Banks to handle bursaries

 

The government is so determined about this move that authorites intend putting it into practice by the end of this financial year. The Minister of Education and Skills Development, Pelonomi Venson Moitoi said this in Parliament when presenting her Ministry's Committee of Supply speech on Monday afternoon.

The decision to transfer the issuing of bursaries to the local banks comes at a time when the Education Ministry is struggling to track thousands of students to repay their loans.

The Minister Venson-Moitoi says now government has adopted one of the recommendations that calls for outsourcing of student sponsorship management to existing financial institutions, adding that her ministry has started working on the implementation plan for this.
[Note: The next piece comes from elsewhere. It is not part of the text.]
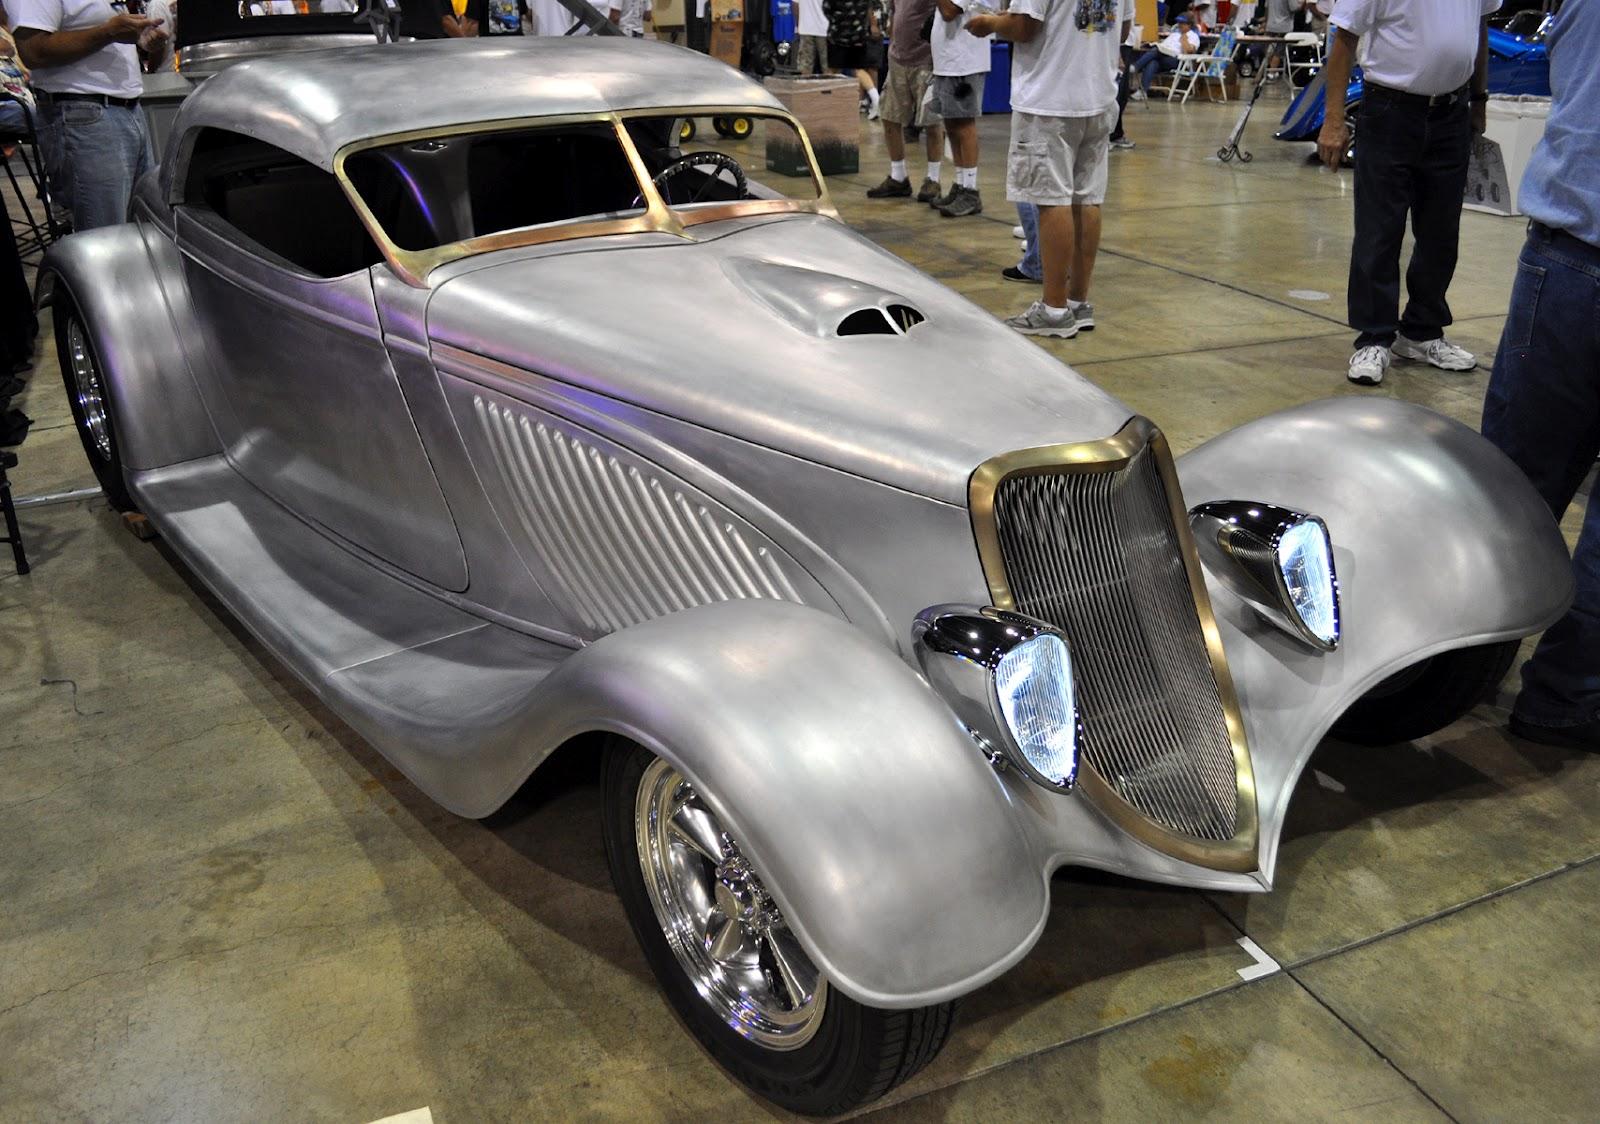 steve 39 s auto restoration has a striking aluminum hot rod. Black Bedroom Furniture Sets. Home Design Ideas
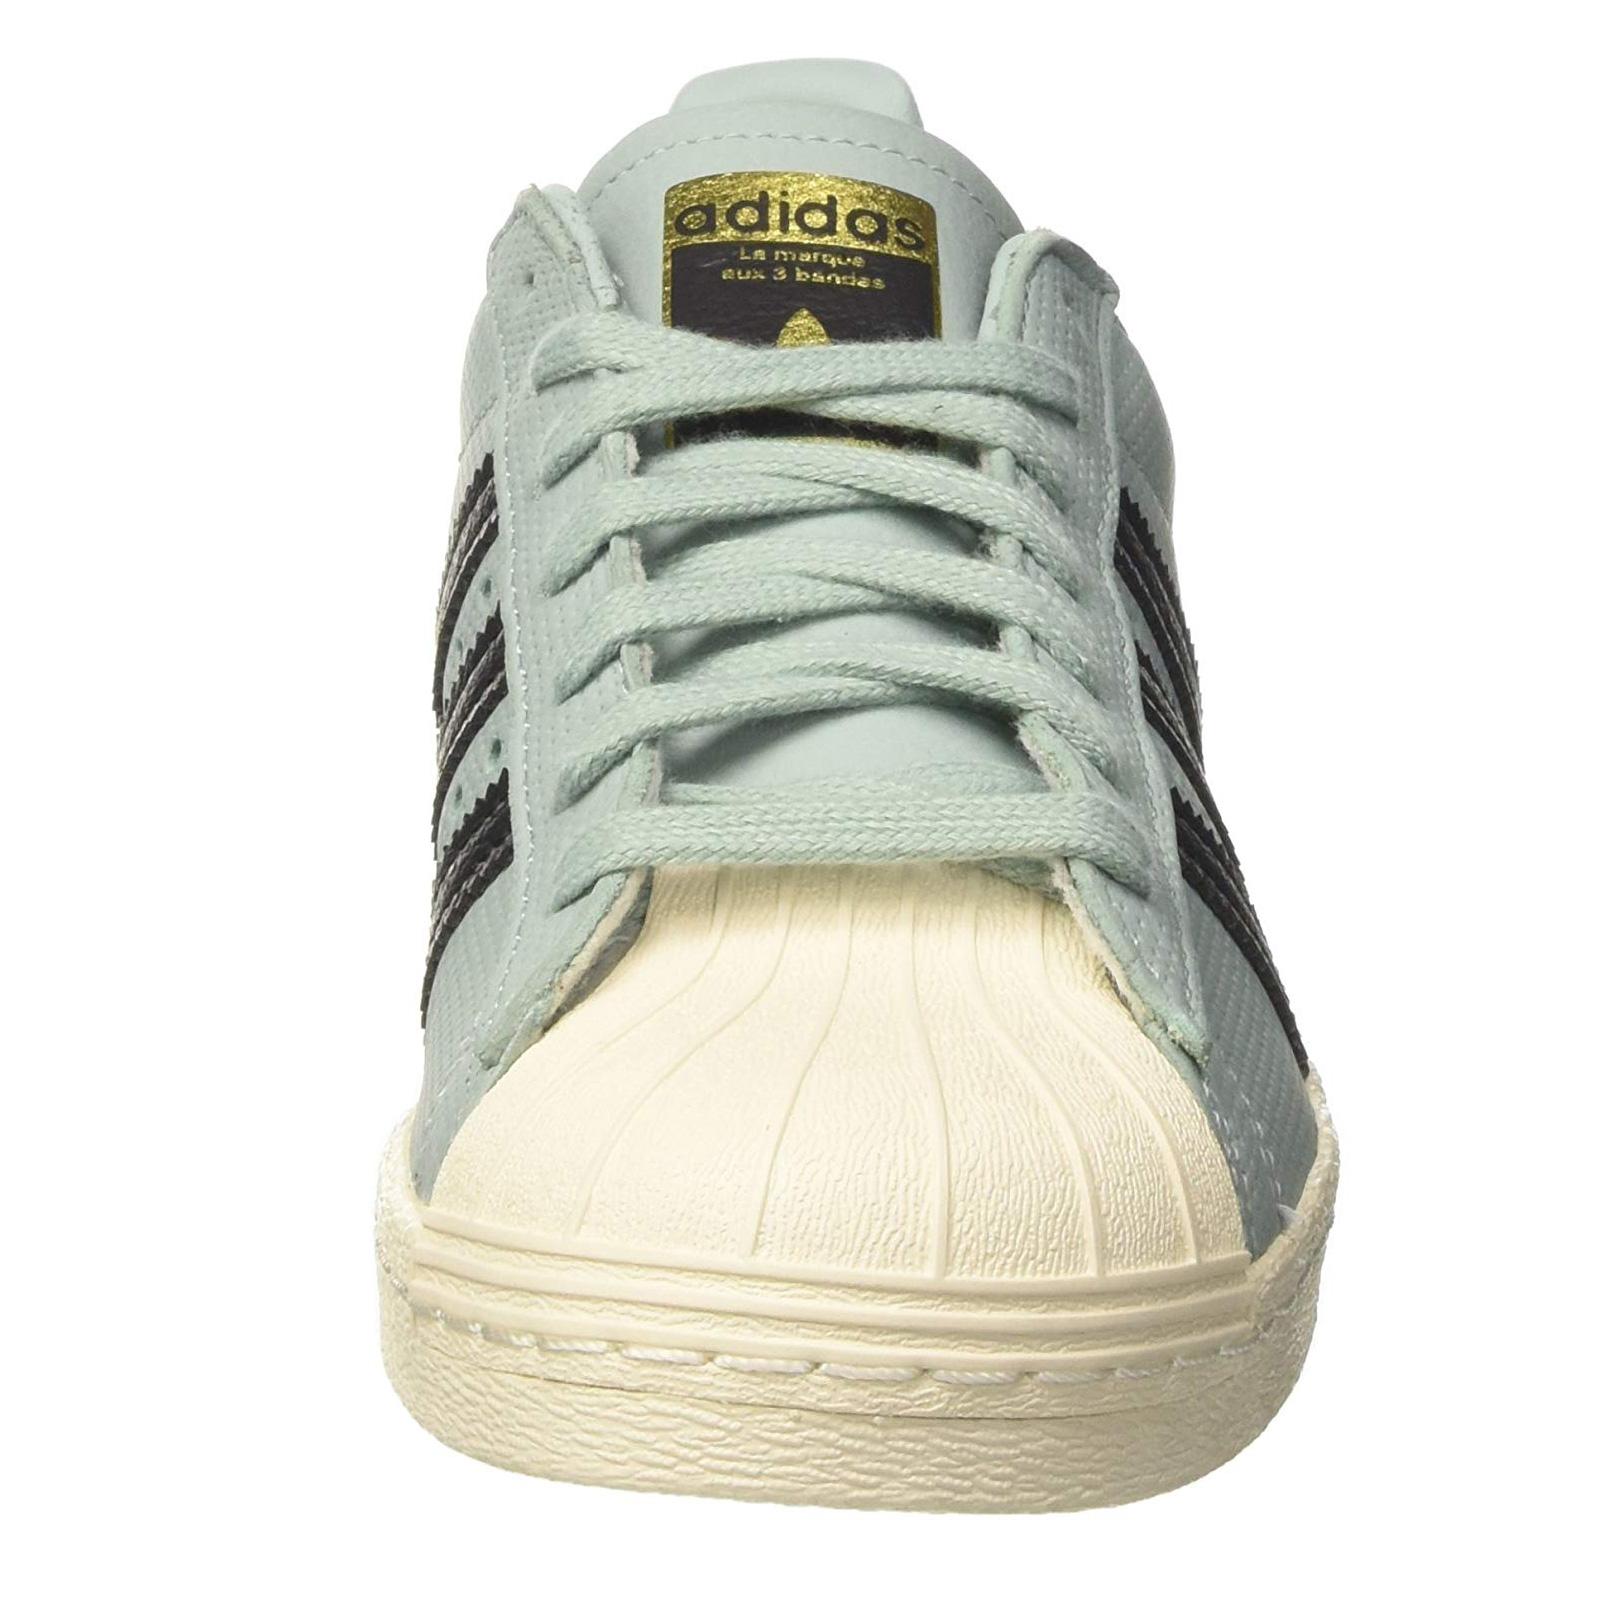 quality design ef1d1 8a6f9 Adidas Superstar 80s Schuhe Retro Sneaker BZ0143 Tactile Green Blau-Grün

She says her ministry is currently working closely with PEEPA on the feasibility study for the proposed outsourcing exercise, adding that a report on the outcome of the study should be ready for approval by May, 2011 and outsourcing completed by end of this financial year.

In 2009 Mmegi quoted Ministry of Education officials saying they had failed to recover loans from students because they had not kept proper records at the time it was estimated that government was owed over P300,000,000 by graduates.

Some Ministry of Education employees have in the past also been accused of colluding with some tertiary institutions so they get a lot of money from government by sponsoring ghost students, while cases of favouritism and corruption at the Department of Student Placement and Welfare, which deals with bursaries, are rife. 

Since 2008 investigators from the Directorate on Corruption and Economic Crime (DCEC) have been camping at the Ministry Headquarters investigating cases of corruption involving department of student placement officials, leading to a good number of them being suspended.